(Source data begins)

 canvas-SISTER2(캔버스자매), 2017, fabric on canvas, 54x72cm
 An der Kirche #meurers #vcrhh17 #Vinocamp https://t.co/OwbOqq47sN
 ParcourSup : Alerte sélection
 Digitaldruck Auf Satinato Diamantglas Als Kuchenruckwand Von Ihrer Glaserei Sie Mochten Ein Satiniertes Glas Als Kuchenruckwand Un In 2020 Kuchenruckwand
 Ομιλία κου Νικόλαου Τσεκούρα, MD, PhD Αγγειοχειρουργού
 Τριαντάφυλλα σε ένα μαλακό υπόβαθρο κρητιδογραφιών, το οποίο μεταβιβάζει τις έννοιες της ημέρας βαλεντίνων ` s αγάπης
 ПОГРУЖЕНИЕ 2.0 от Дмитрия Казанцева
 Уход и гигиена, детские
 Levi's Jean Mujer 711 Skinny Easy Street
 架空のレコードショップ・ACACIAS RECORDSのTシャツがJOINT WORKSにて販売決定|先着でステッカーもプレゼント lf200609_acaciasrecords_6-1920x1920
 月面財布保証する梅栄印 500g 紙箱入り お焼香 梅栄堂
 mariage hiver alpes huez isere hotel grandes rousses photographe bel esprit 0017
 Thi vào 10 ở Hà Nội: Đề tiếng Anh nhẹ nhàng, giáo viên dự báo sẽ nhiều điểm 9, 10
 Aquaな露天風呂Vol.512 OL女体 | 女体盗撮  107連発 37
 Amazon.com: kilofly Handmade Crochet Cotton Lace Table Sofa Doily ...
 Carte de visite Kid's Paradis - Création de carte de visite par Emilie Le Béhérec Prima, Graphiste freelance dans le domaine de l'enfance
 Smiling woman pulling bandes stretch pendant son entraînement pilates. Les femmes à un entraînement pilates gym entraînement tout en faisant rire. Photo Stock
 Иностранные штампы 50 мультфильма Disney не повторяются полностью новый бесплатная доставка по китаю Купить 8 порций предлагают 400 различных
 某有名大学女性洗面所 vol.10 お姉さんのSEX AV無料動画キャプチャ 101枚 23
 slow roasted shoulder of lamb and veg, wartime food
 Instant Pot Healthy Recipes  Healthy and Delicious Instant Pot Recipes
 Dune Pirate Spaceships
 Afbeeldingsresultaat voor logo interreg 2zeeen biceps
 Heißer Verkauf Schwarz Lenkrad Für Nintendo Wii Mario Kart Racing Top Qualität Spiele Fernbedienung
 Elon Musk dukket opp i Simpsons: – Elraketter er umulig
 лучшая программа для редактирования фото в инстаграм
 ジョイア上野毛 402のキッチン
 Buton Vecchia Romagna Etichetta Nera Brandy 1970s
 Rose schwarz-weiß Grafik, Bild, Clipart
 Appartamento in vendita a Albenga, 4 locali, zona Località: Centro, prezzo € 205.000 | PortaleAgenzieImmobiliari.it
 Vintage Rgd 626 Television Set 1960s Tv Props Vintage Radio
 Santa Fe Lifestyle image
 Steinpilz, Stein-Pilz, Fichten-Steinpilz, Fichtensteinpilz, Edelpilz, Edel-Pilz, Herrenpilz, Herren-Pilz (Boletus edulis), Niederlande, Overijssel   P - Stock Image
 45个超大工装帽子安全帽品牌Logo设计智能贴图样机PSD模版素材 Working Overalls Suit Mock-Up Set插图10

(Source data ends)

Copy the lines that hold the word "Stock". Take them from the records above.

— Problem solution —
 Smiling woman pulling bandes stretch pendant son entraînement pilates. Les femmes à un entraînement pilates gym entraînement tout en faisant rire. Photo Stock
 Steinpilz, Stein-Pilz, Fichten-Steinpilz, Fichtensteinpilz, Edelpilz, Edel-Pilz, Herrenpilz, Herren-Pilz (Boletus edulis), Niederlande, Overijssel   P - Stock Image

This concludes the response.